Frequently Asked Questions

What is the IUPAC name of 1-methoxy-1,2,3,4,4a,10b-hexahydrophenanthridin-3-ol?
The IUPAC name of 1-methoxy-1,2,3,4,4a,10b-hexahydrophenanthridin-3-ol (CID 141121964) is 1-methoxy-1,2,3,4,4a,10b-hexahydrophenanthridin-3-ol.

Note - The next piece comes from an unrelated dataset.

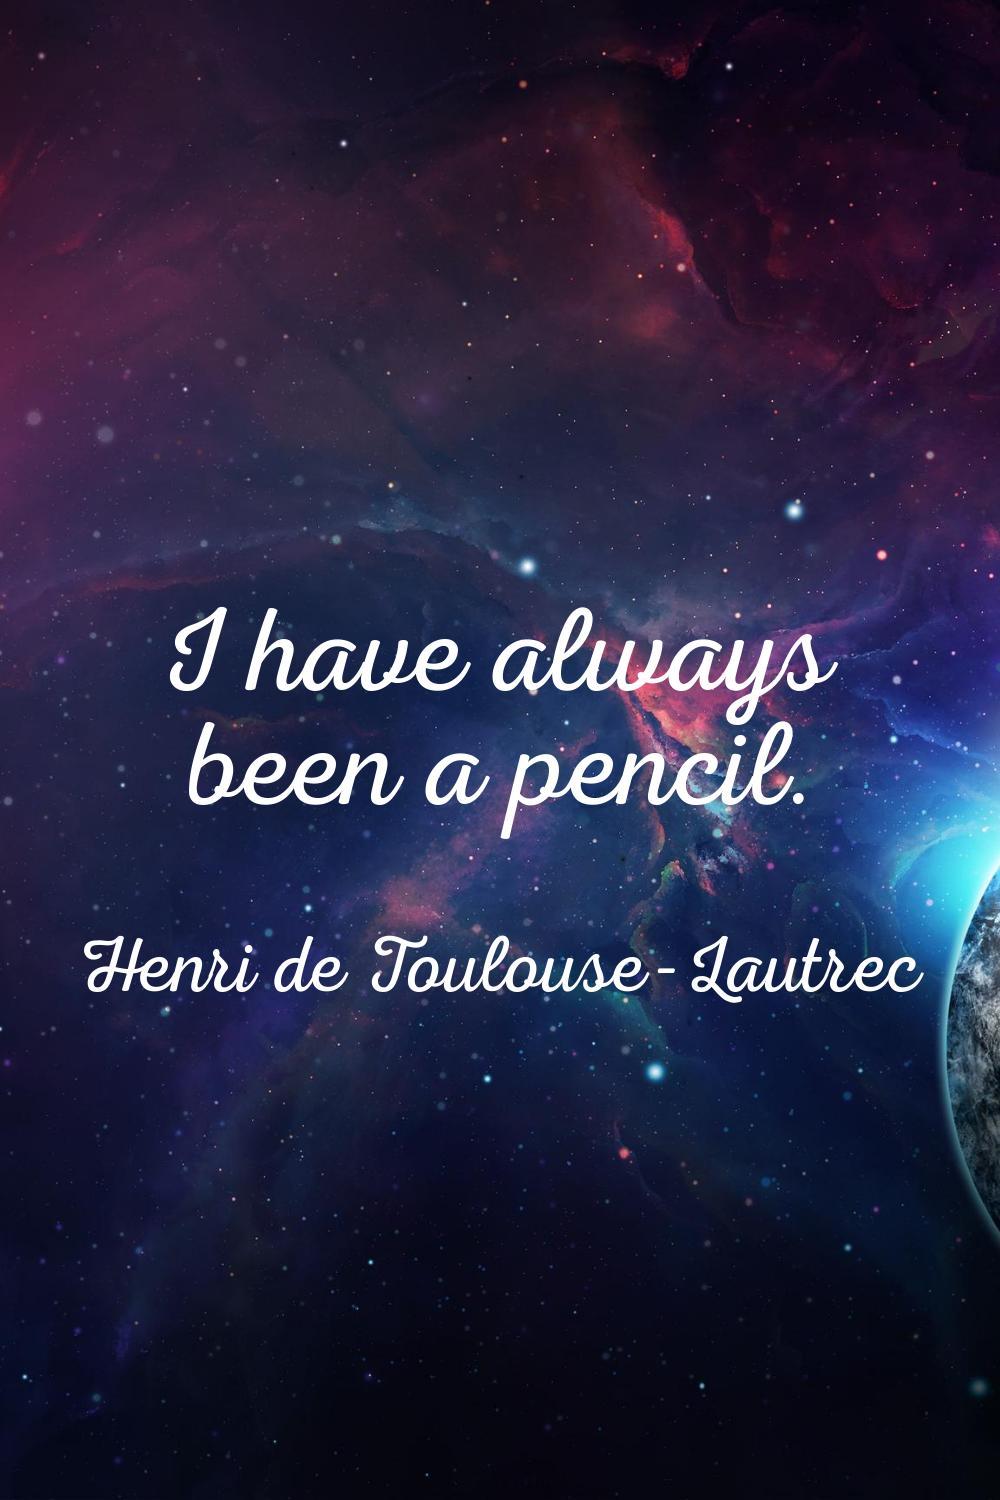 I have always been a pencil.

What is the SMILES notation for 1-methoxy-1,2,3,4,4a,10b-hexahydrophenanthridin-3-ol?
The canonical SMILES for 1-methoxy-1,2,3,4,4a,10b-hexahydrophenanthridin-3-ol is COC1CC(O)CC2N=Cc3ccccc3C21.
What is the InChIKey of 1-methoxy-1,2,3,4,4a,10b-hexahydrophenanthridin-3-ol?
The InChIKey is RJCJGSWSQJGVQZ-UHFFFAOYSA-N. The full InChI is InChI=1S/C14H17NO2/c1-17-13-7-10(16)6-12-14(13)11-5-3-2-4-9(11)8-15-12/h2-5,8,10,12-14,16H,6-7H2,1H3.
What are the key properties of 1-methoxy-1,2,3,4,4a,10b-hexahydrophenanthridin-3-ol?
1-methoxy-1,2,3,4,4a,10b-hexahydrophenanthridin-3-ol has a molecular weight of 231.30 g/mol, XLogP of 1.74, 1 rotatable bonds, 1 hydrogen bond donors, and 3 hydrogen bond acceptors.
Where does this data come from?
All data for 1-methoxy-1,2,3,4,4a,10b-hexahydrophenanthridin-3-ol is sourced from PubChem (CID 141121964), the world's largest open chemistry database maintained by the National Library of Medicine (NIH).